First we have the estimates produced using the appropriate sample-based calibration method.
raked_poll_svy |>
group_by(MOREGUNIMPACT) |>
summarize(PCT = survey_mean(),
n = unweighted(n()))# A tibble: 4 × 4
MOREGUNIMPACT PCT PCT_se n
<fct> <dbl> <dbl> <int>
1 More crime 0.370 0.00763 1999
2 Less crime 0.264 0.00736 1271
3 No difference 0.355 0.00794 1707
4 Refused/Web blank 0.0109 0.00168 45
Next we have the estimates produced using the naive raking method. The standard errors are much smaller, which is misleading.
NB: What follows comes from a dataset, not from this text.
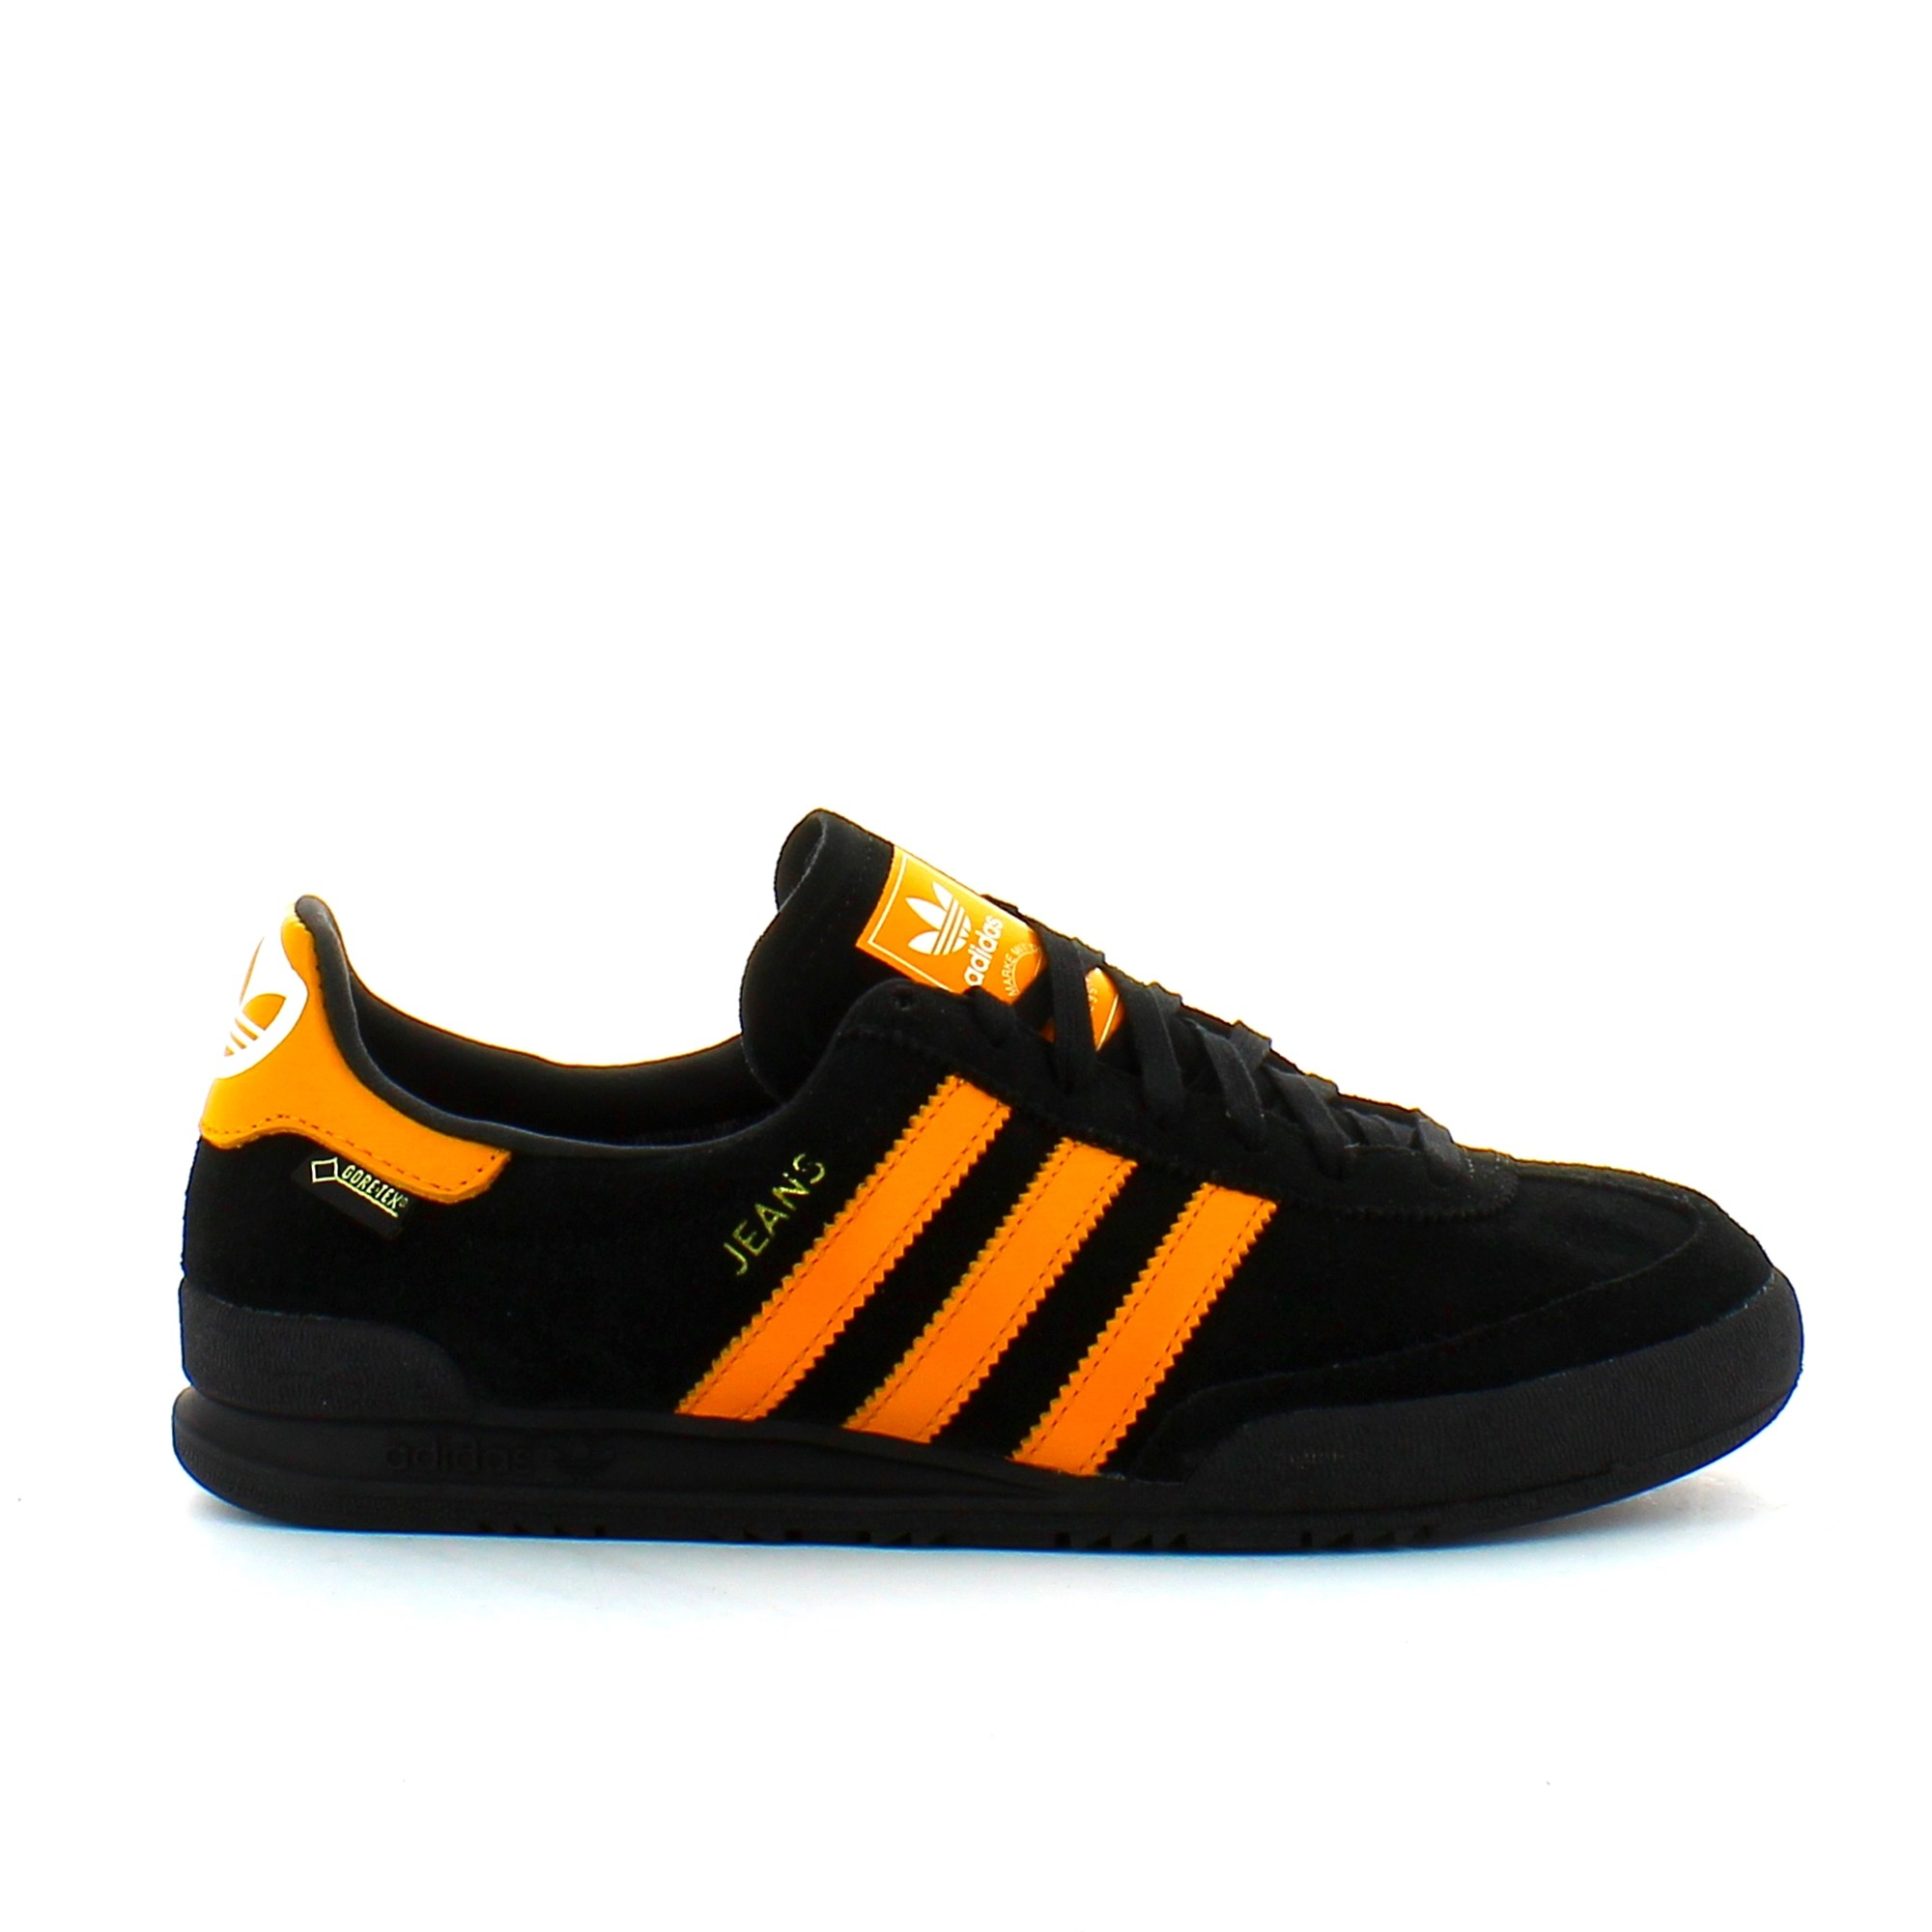 Deportes Jeans Negro Gtx Naranja Adidas Moya Hombre Zapatillas npFTqZAA

Because the naive raking method pretended that we had actual population data on political party affiliation, the standard error estimates make it look as if our poll’s estimates are much more precise than they really are.
naive_raked_poll_svy |>
group_by(MOREGUNIMPACT) |>
summarize(PCT = survey_mean(),
n = unweighted(n()))# A tibble: 4 × 4
MOREGUNIMPACT PCT PCT_se n
<fct> <dbl> <dbl> <int>
1 More crime 0.370 0.00655 1999
2 Less crime 0.264 0.00639 1271
3 No difference 0.355 0.00794 1707
4 Refused/Web blank 0.0109 0.00167 45
Saving Our Output Dataset
If we want data users to get accurate standard errors with our correctly raked poll data, then we need to provide them with not just the raked weights, but the raked replicate weights. We can easily get a dataset with the raked bootstrap weights, as follows.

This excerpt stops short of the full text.